After Silkworm è un progetto importante e speriamo faccia anche da catalizzatore nel lungo e lento cammino verso la definizione di una scena credibile di produttori italiani. Diciassette remix a partire dai sette pezzi dell’EP Silkworm (7.0/10), materiali già ottimi che qui vengono completamente trasfigurati/ricreati ed esplodono in tutte le direzioni, sancendo il riconoscimento della qualità del prodotto e l’interesse in generale per le produzioni nostrane da parte degli addetti ai lavori fuori confine. Il primo passo per riconoscerci è essere riconosciuti dagli altri? E’ un’interpretazione possibile.

Quattordici dei diciassette remixer al servizio di Planet Soap (duo di producer dalla provincia di Monza) sono stranieri: russi, francesi, olandesi, tedeschi, americani, giapponesi.

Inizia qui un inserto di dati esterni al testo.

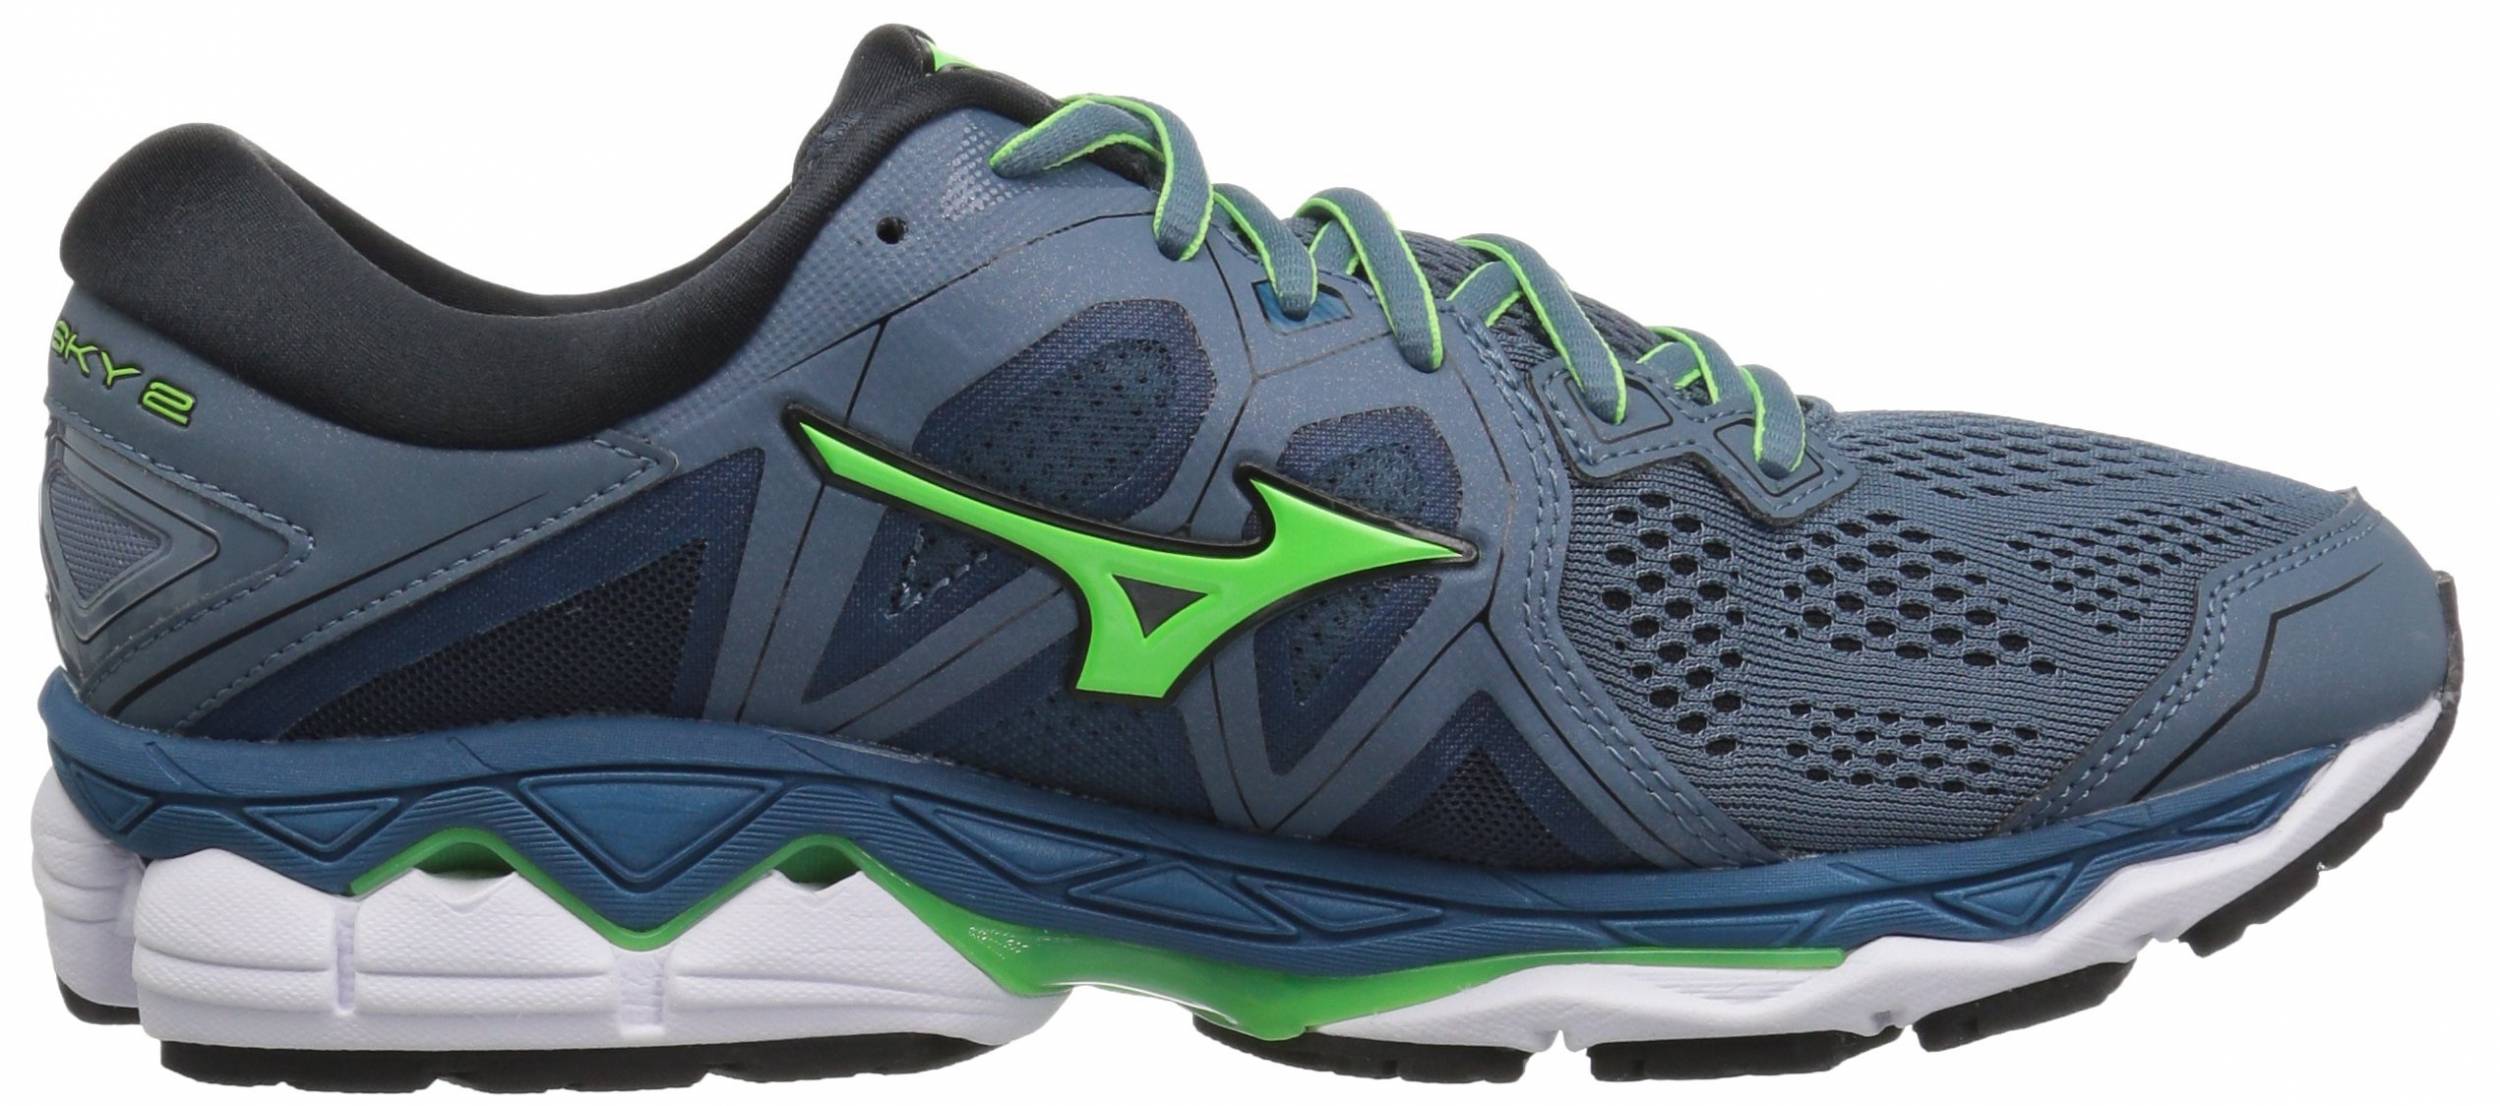 Mizuno Wave Sky 2 Review 2022, Facts

Le produzioni sono tutte cesellate e d’impatto – la qualità è altissima – e descrivono analiticamente quella che in sintesi possiamo definire una koiné elettronico-produttiva che deve tanto dall’hip hop quanto alle mutazioni della lingua madre electro, con tutte le possibili emanazioni/filiazioni.

Su una base comune allora che è quest’ibrido bipolare wonky/step (e che ritroviamo particolarmente “puro” nell’asciuttissimo pezzo a firma di Harrison Blakoldman, il secondo della tracklist), si impone di volta in volta come un’essenza diversa (che sia un genere, una scelta timbrica, un’atmosfera) a determinare l’aroma, il sapore, la consistenza persino di ciascuna traccia: spacey (diversamente declinato da UXO, Miqi O., Kay Tee, Pixelord, Demokracy), noise/effettistica industrial-postfidget (+verb, Damscary, Moa Pillar), electro-funk & dintorni (B-Ju) e ancora tech-house (Coco Bryce, 3 Is A Crowd), electro-dancehall (Moresounds, DZA), praticamente footwork (Apes On Tapes), mutazioni tribal (Halp, BD1982), fino al Dilla elettronico di casa Planet Soap (la conclusiva title track). Goduria. E tutta una scena che ribolle e sta per uscire fuori dal pentolone.